Information supplied Block Start
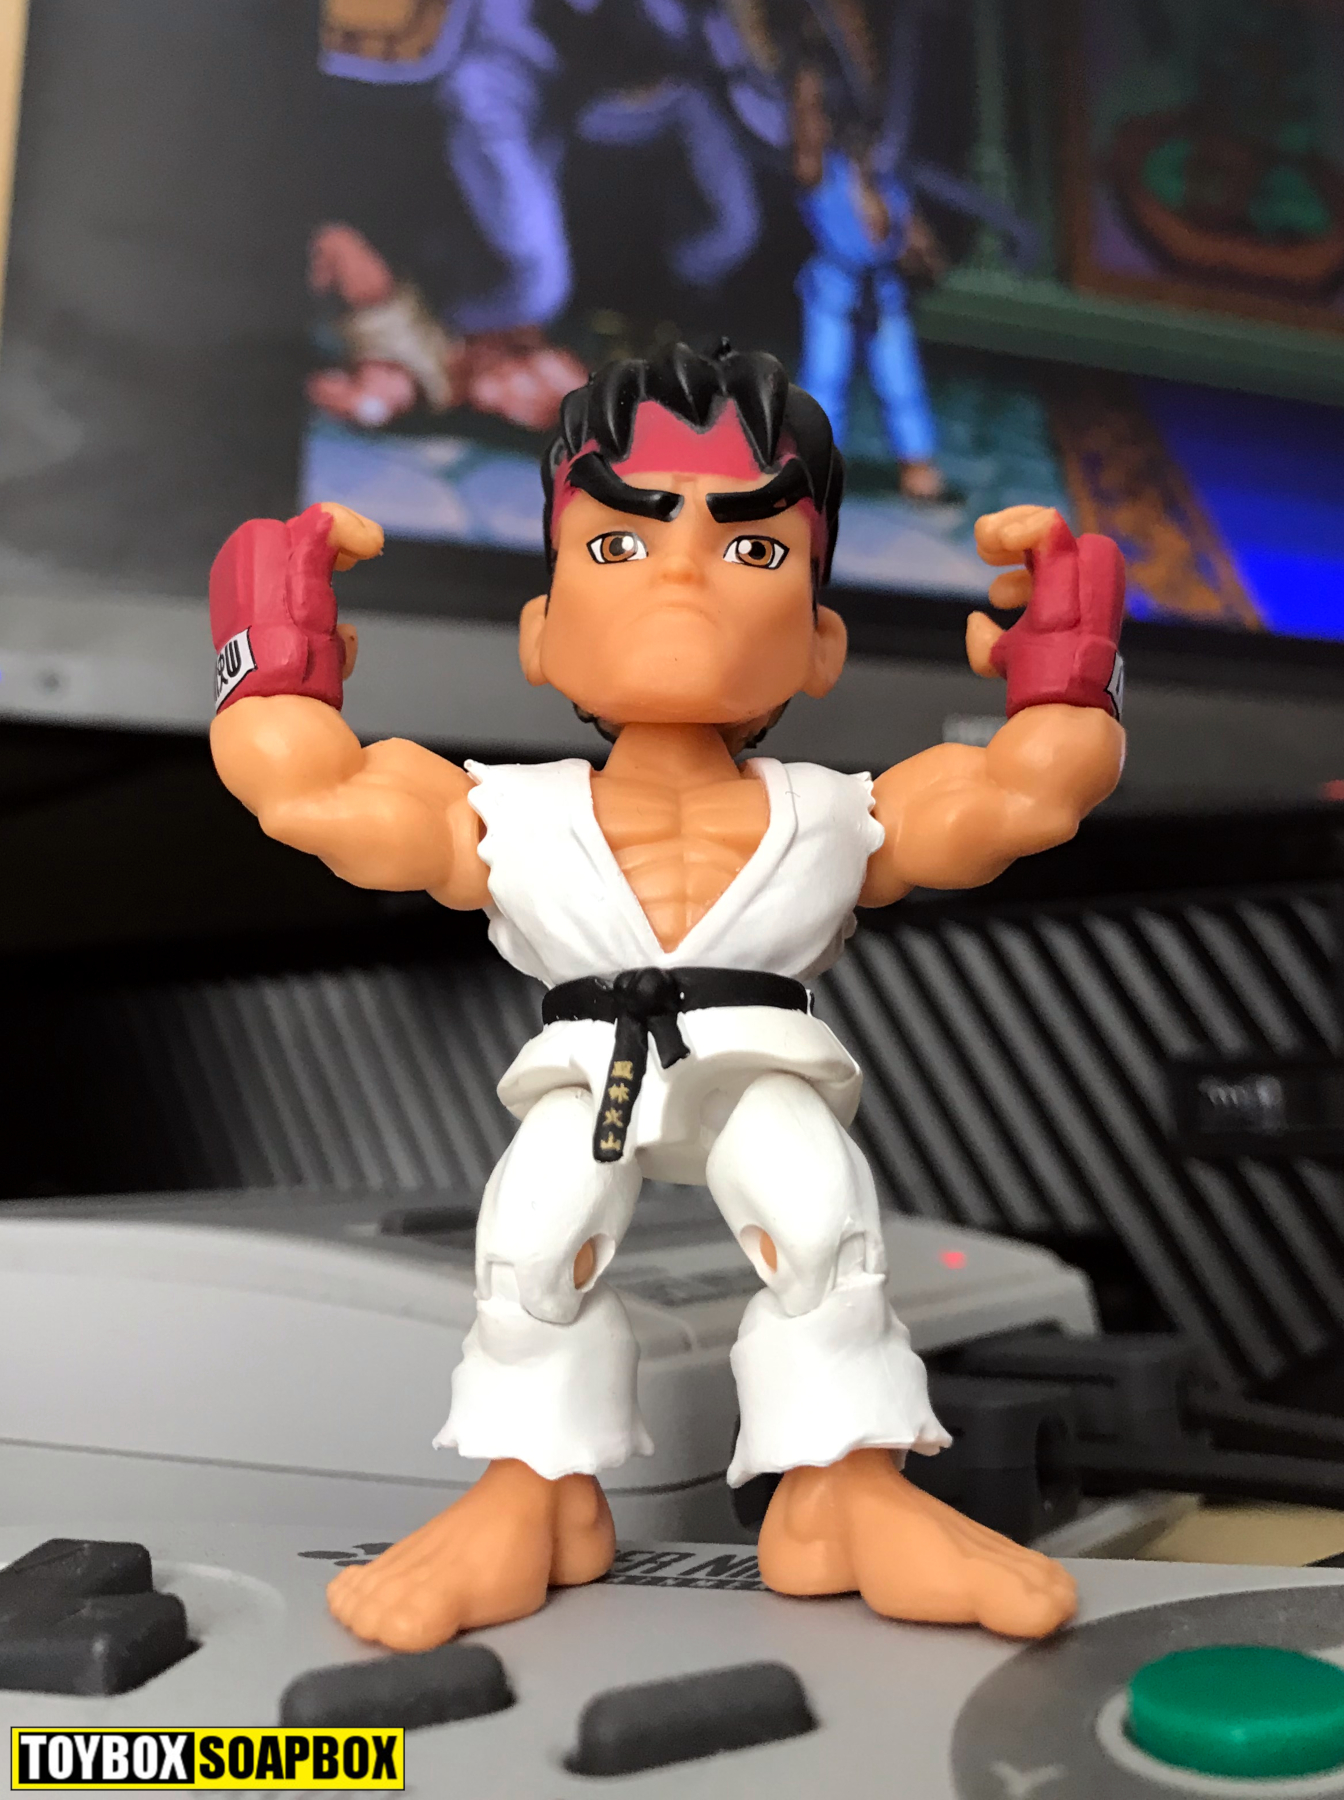 Super Street Fighter 2 (Ryu Victory Pose)
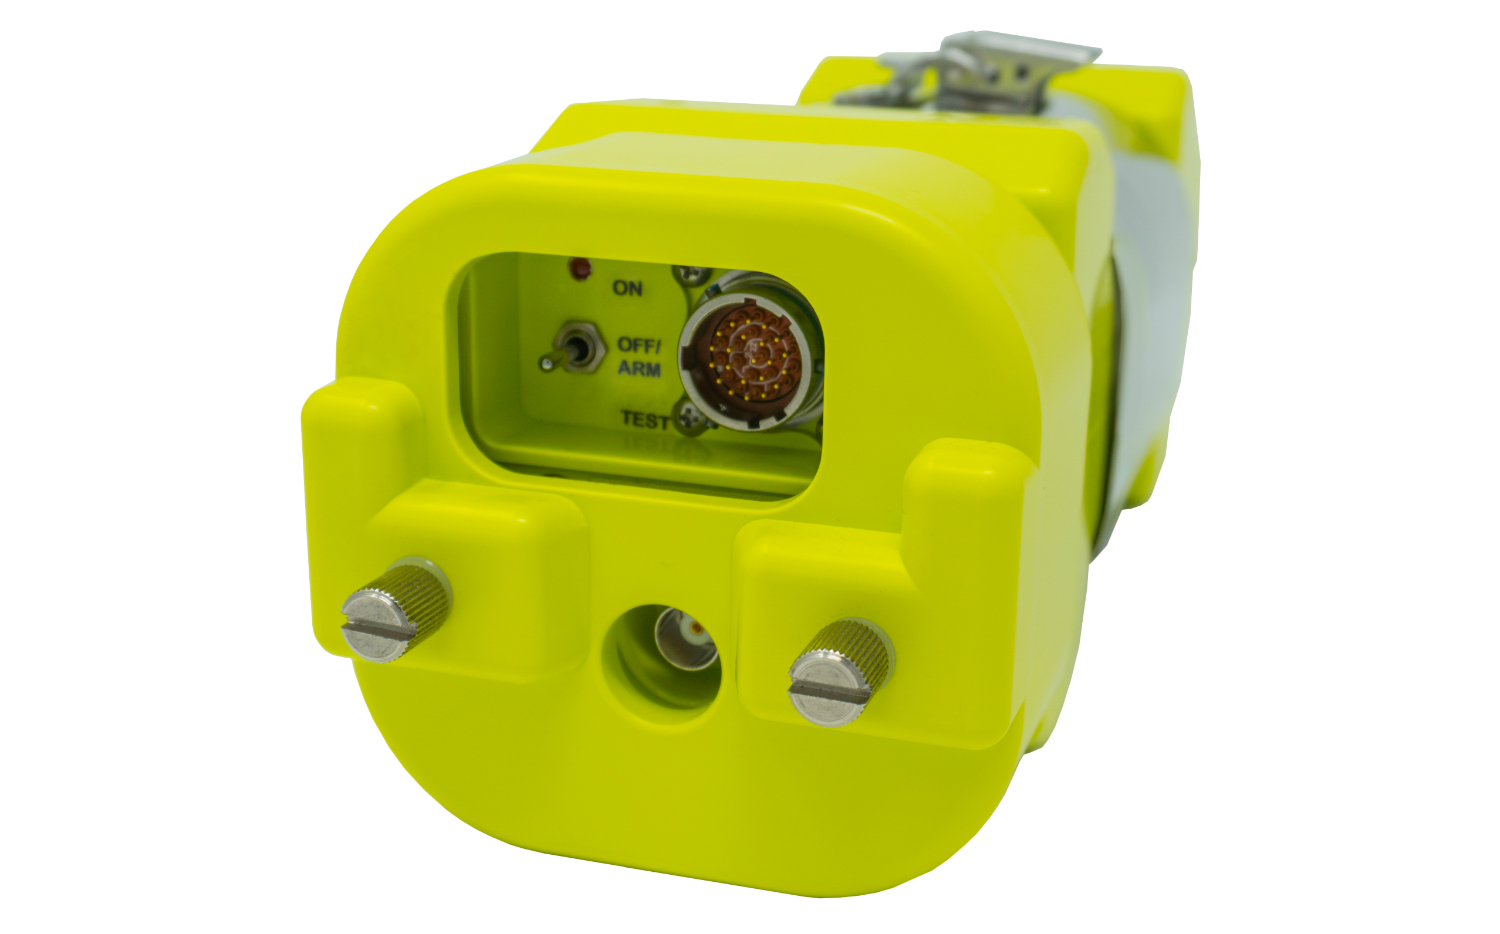 ARTEX says its new ARTEX ELT 4000 HM Emergency Locator Transmitter is the world’s only 406 MHz approved alkaline battery-powered emergency locator transmitter (ELT). ARTEX Photo
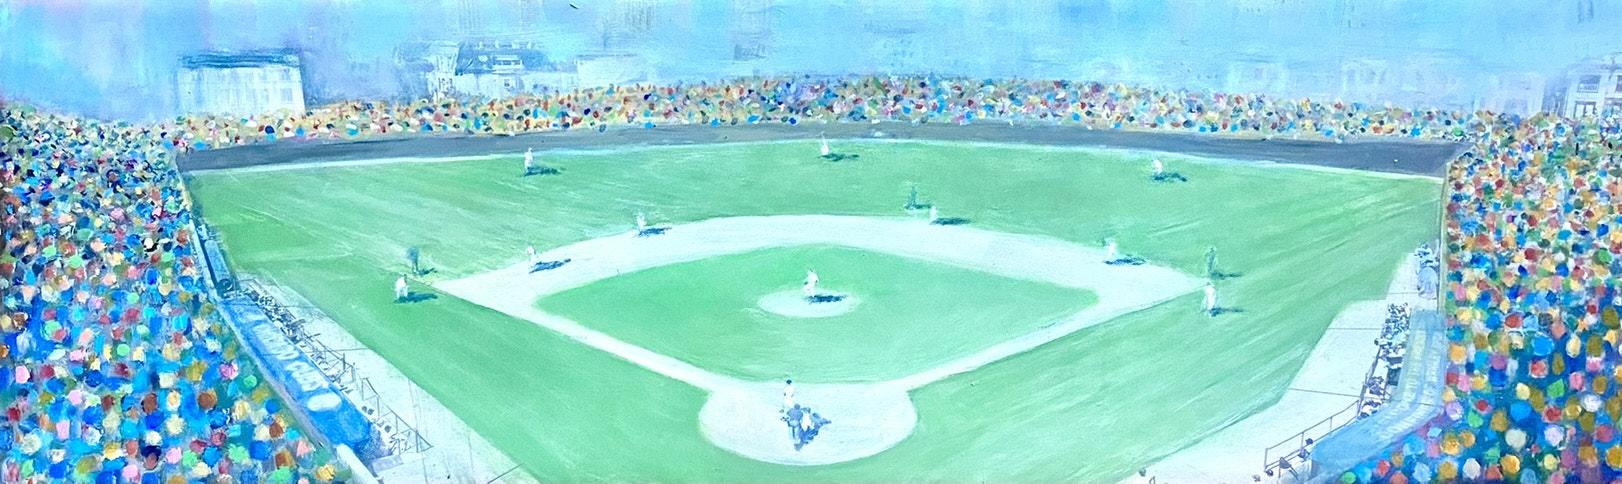 Take Me Out to the Ball Game by Lisa Thoren
Information supplied Block End
What the task asks:
Please copy out the whole listing exactly, minus its pictures.

Expected answer:
 Super Street Fighter 2 (Ryu Victory Pose)
 ARTEX says its new ARTEX ELT 4000 HM Emergency Locator Transmitter is the world’s only 406 MHz approved alkaline battery-powered emergency locator transmitter (ELT). ARTEX Photo
 Take Me Out to the Ball Game by Lisa Thoren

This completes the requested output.